Davids also pointed out that character stability in changing camera angles still requires careful prompting, while other models like Sora 2 handle this more automatically. He questioned the absence of 1080p resolution for users at paid tiers such as Flow Pro and expressed doubt over feature parity.
On a more positive end, @kimonismus, An AI newsletter writer said that “Veo 3.1 is amazing,” though still concluded that OpenAI’s latest model remains better overall.
Collectively, these early impressions suggest that while Veo 3.1 offers meaningful tooling enhancements and new creative control features, expectations have changed as competitors raise the bar on both quality and usability.
Adoption and scale
Since launching Flow five months ago, Google says it’s finished 275 million videos Designed in various Veo models.
The pace of adoption suggests significant interest not only from individuals but also from developers and businesses experimenting with automated content creation.
Thomas Ilzik, director of product management at Google Labs, highlighted that the release of Veo 3.1 brings the abilities of human filmmakers closer to planning and shooting. These include visual composition, continuity across shots, and coordinated audio – all areas that enterprises are increasingly looking to automate or streamline.
Security and responsible AI use
Videos created with Veo 3.1 watermarked using Google synthID Technology, which embeds an imperceptible identifier to indicate that content is AI-generated.
Google applies security filters and moderation to its APIs to help reduce privacy and copyright risks. The generated content is stored temporarily and deleted after two days until downloaded.
For developers and enterprises, these features provide assurance about provenance and compliance – critical in regulated or brand-sensitive industries.
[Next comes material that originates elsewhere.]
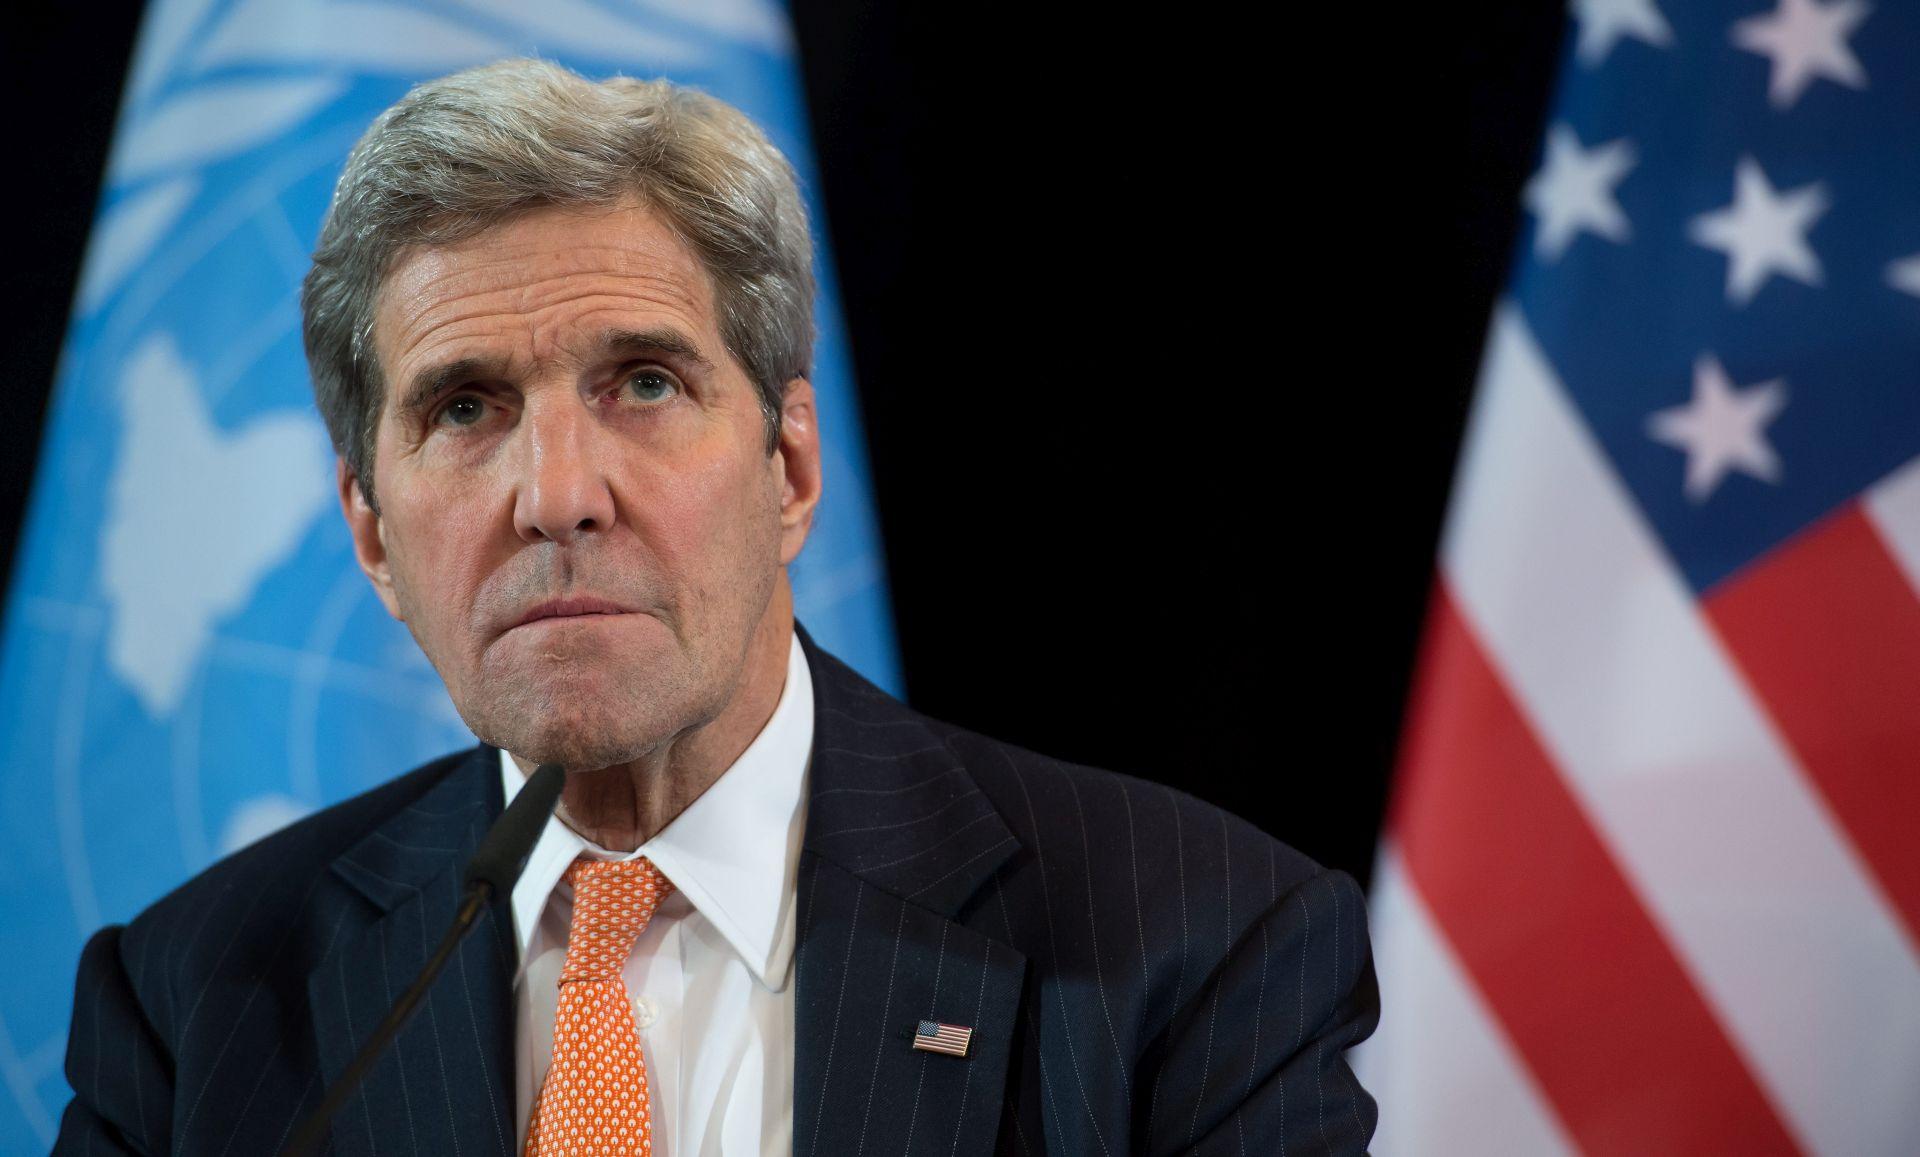 KONFERENCIJA O SIGURNOSTI Kerry: Koalicija će pobijediti Islamsku državu

Where Veo 3.1 stands out among the crowded AI video model space
Veo 3.1 isn’t just an iteration of previous models – it represents a deeper integration of multimodal input, storytelling controls, and enterprise-level tooling. While creative professionals may find immediate benefits in improving workflow and edit fidelity, businesses looking for automation in training, advertising or virtual experiences may find even more value in the model’s structure and API support.
Early user feedback highlights that while VO 3.1 offers valuable tooling, expectations around realism, voice control and generation length are rapidly evolving. As Google expands reach through Vertex AI and continues to refine VO, its competitive position in enterprise video generation will depend on how quickly these user problems are addressed.